Medine döneminde inmiştir. 176 âyettir. Sûre, özellikle kadın haklarından, onların hukûkî ve sosyal konumlarından bahsettiği için bu adı almıştır. “Nisâ” kadınlar demektir.


وَإِذَا جَاءهُمْ أَمْرٌ مِّنَ الأَمْنِ أَوِ الْخَوْفِ أَذَاعُواْ بِهِ وَلَوْ رَدُّوهُ إِلَى الرَّسُولِ وَإِلَى أُوْلِي الأَمْرِ مِنْهُمْ لَعَلِمَهُ الَّذِينَ يَسْتَنبِطُونَهُ مِنْهُمْ وَلَوْلاَ فَضْلُ اللّهِ عَلَيْكُمْ وَرَحْمَتُهُ لاَتَّبَعْتُمُ الشَّيْطَانَ إِلاَّ قَلِيلاً ﴿٨٣﴾


Ayet Transkripsiyonu ve Sade Meali

ve izâ câe-hum emrun min el emni ev el havfi ezâû bi-hi ve lev reddû-hu ilâ er resûli ve ilâ uli el emri min-hum le alime-hu ellezîne yestenbitûne-hu min-hum ve lev lâ fadlu allâhi aleykum ve rahmetu-hu le itteba'tum eş şeytâne illâ kalîlen
söz öbeklerinin üzerine farenizi sürükleyerek çevirilerini görebilirsiniz. Çevirileri tablo halinde görmek için buraya tıklayın
Kelime Türkçe karşılığı
ve ve
izâ câe-hum onlara geldiği zaman
emrun bir emir, iş, durum, haber
min ...'den
el emni eminlik, güvenlik
ev veya
el havfi korku
ezâû açıkladılar, ifşa edip yaydılar
bi-hi onu
ve lev ve eğer, olsa
reddû-hu onu ilettiler
ilâ ...'e
er resûli resûl, elçi
ve ilâ ve ...'e
uli el emri emir sahipleri, Allah'tan emir alanlar
min-hum onlardan, kendilerinden
le alime-hu mutlaka onu bilirlerdi
ellezîne onlar, olanlar
yestenbitûne-hu onun (o işin) batınını, iç yüzünü, gerçeğini araştırırlar
min-hum onlardan, onların arasından
ve lev lâ ve eğer olmasaydı
fadlu fazlı
allâhi Allah
aleykum sizin üzerinize
ve rahmetu-hu ve onun rahmeti
le elbette, mutlaka
itteba'tum tâbî oldunuz, uydunuz
eş şeytâne şeytan
illâ hariç
kalîlen biraz, pek az

Ve onlara emniyet veya korku haberi geldiği zaman onu açıklarlar (yayarlar). Ve eğer, onu (o haberi) Resûl'e ve kendilerinden olan ulûl emre iletselerdi (herkese açıklamasalardı), onlardan, onun (o haberin) iç yüzünü araştıranlar mutlaka (gerçeği) bilirlerdi.Ve Allah'ın fazlı ve rahmeti üzerinize olmasaydı, pek azınız hariç mutlaka şeytana uyardınız.

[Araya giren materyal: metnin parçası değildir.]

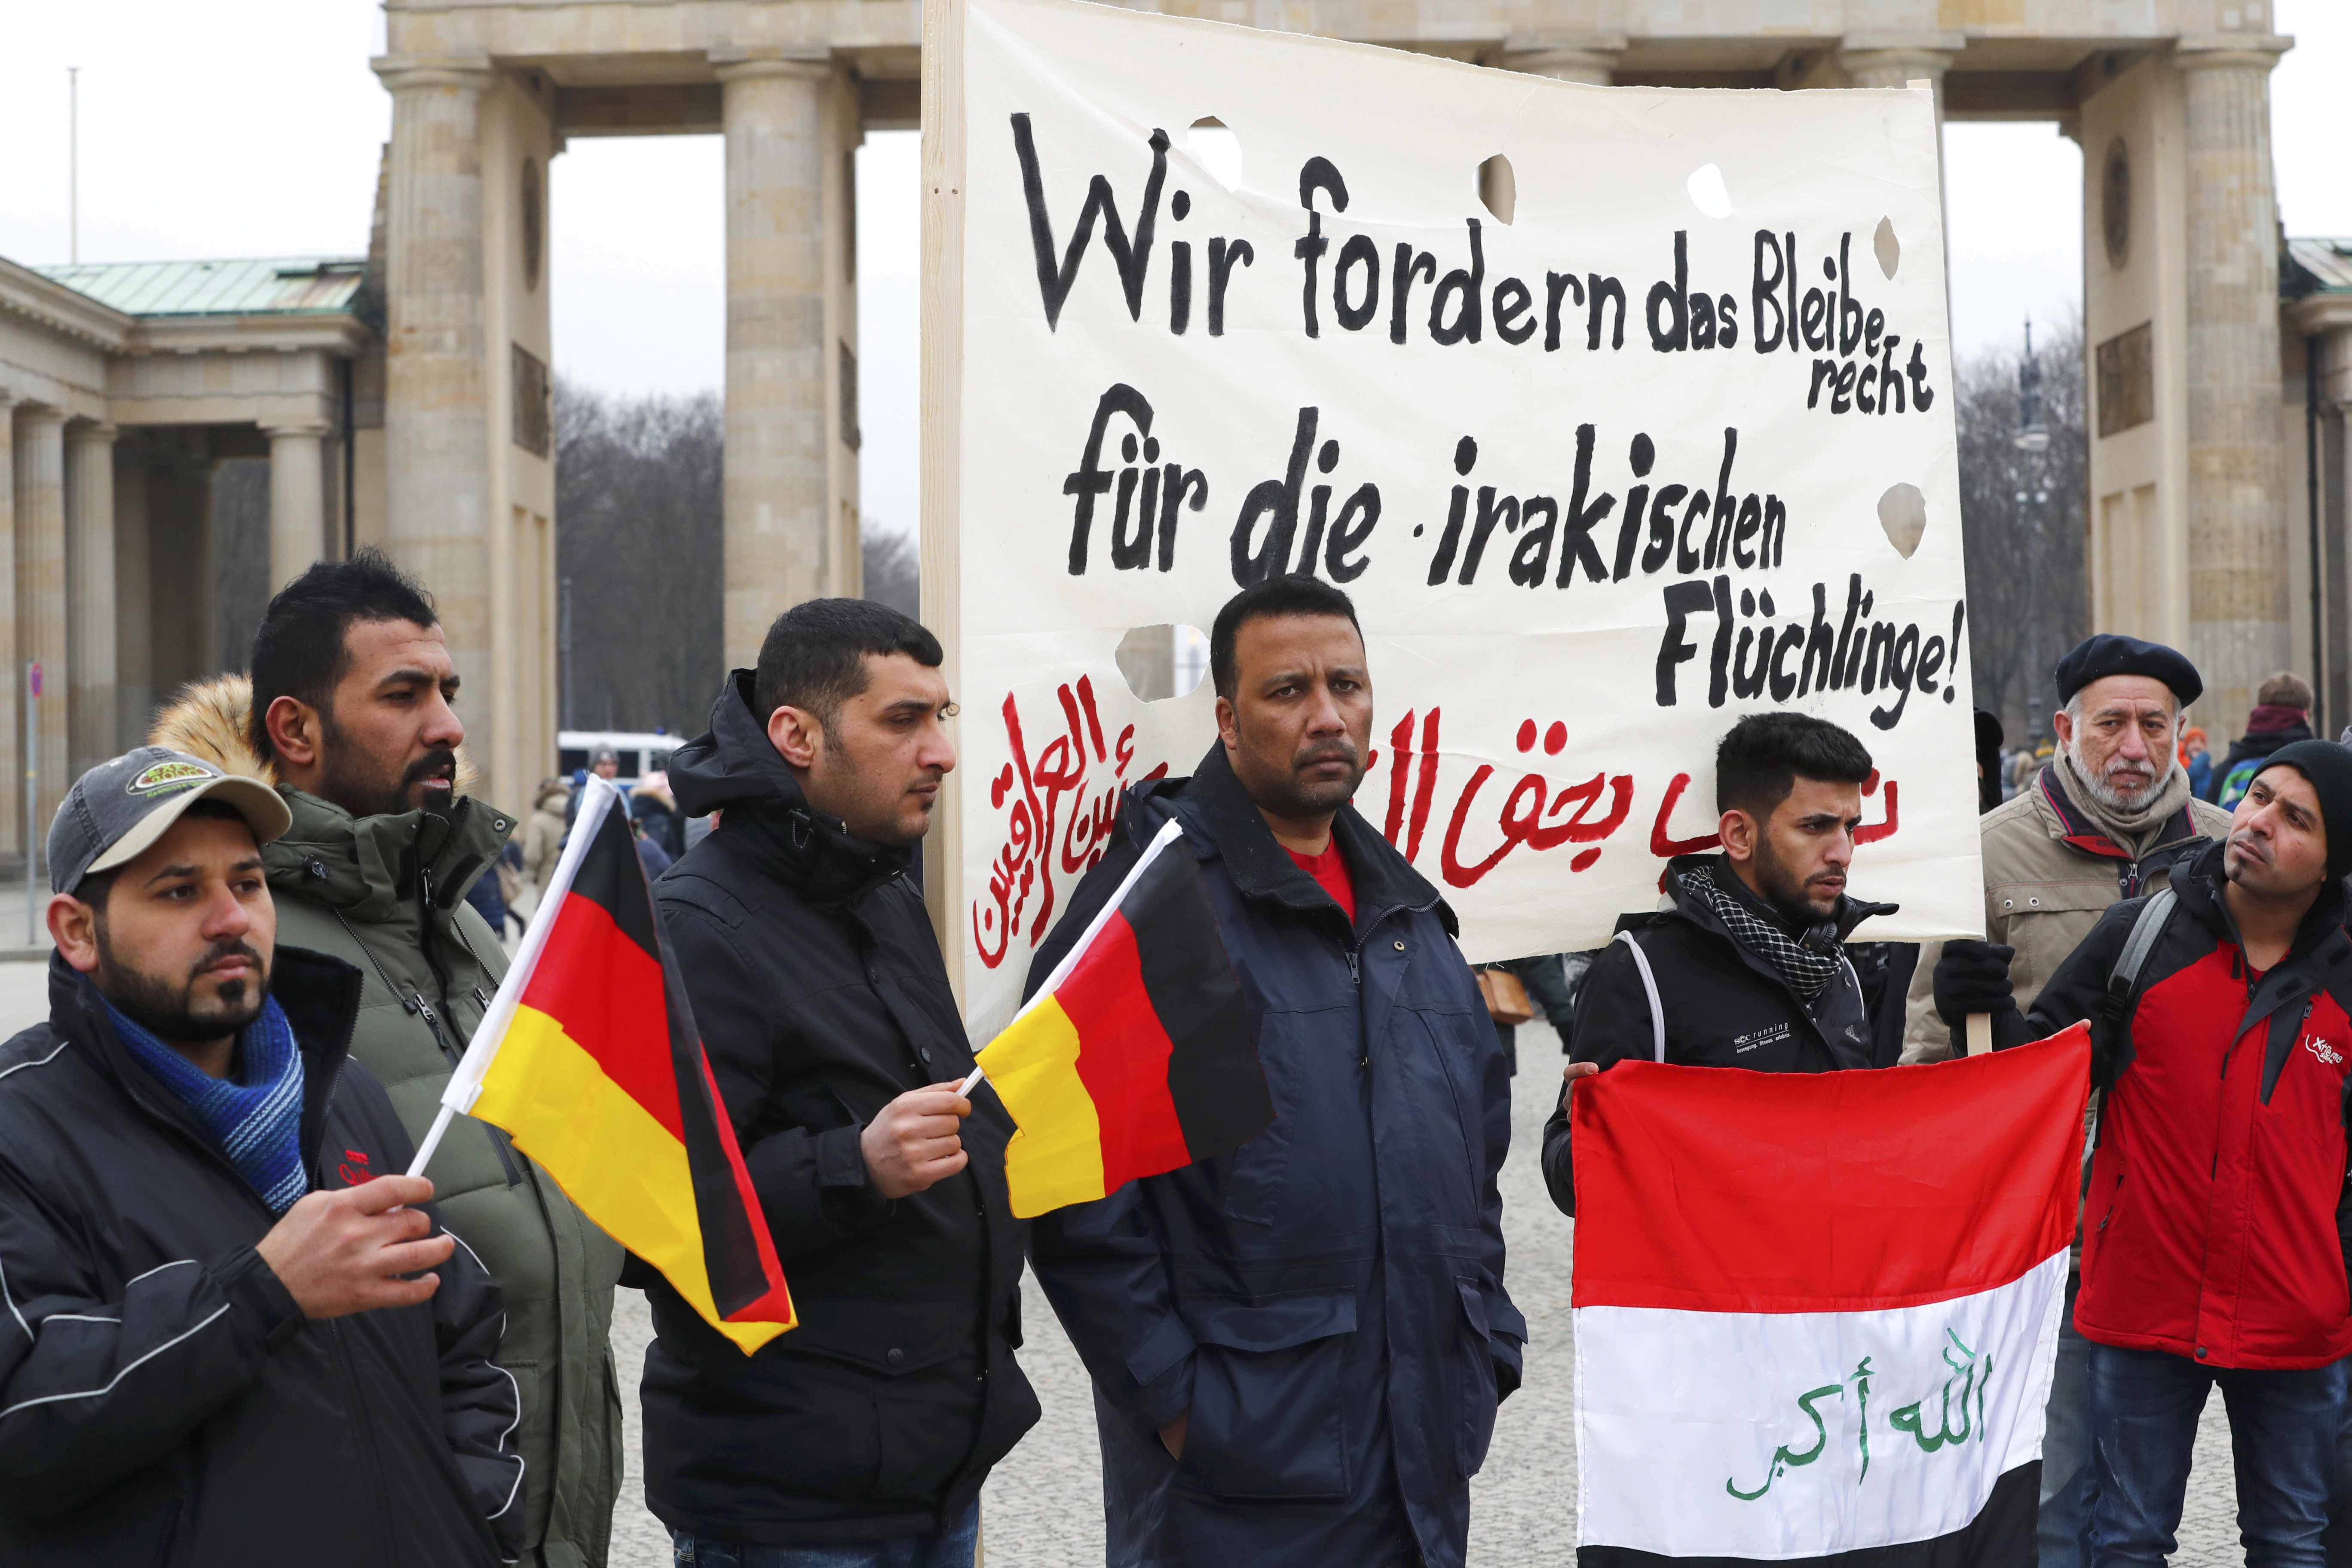 عراقيون يتظاهرون فى ألمانيا لرفض قرار الحكومة بترحيلهم لبلدهم

NİSÂ SURESİ 83. Ayeti Ahmet Tekin Meali

Onlara güven ve korkuyla, emniyet ve tehdit ile ilgili stratejik bir haber gelince bu bilgileri yayarlar. Halbuki bu tür bilgileri ilâhî hükümleri icraya, ülkeyi imara, dünya düzenini kurmaya, sağlamaya memur tek yetkili Rasulullah’a ve kendi içlerinden, başlarında bulunun ülülemre, savunma görevini yürüten yetkililere (askerî uzmanlara, emniyet ve istihbarat yetkililerine) götürselerdi, bu bilgilerden sonuç çıkarma yeteneğinde olan uzmanlar, devleti, milleti, ümmeti ilgilendiren emniyetin ve tehdidin mahiyetini anlarlar, stratejik bir değerlendirme yaparlardı. Allah’ın size lütuf ve rahmeti olmasaydı, çok azınız hariç, hepiniz şeytana, şeytan tıynetli ahlâksız azgınlara, şeytanî güçlere uyardınız, aldatılırdınız.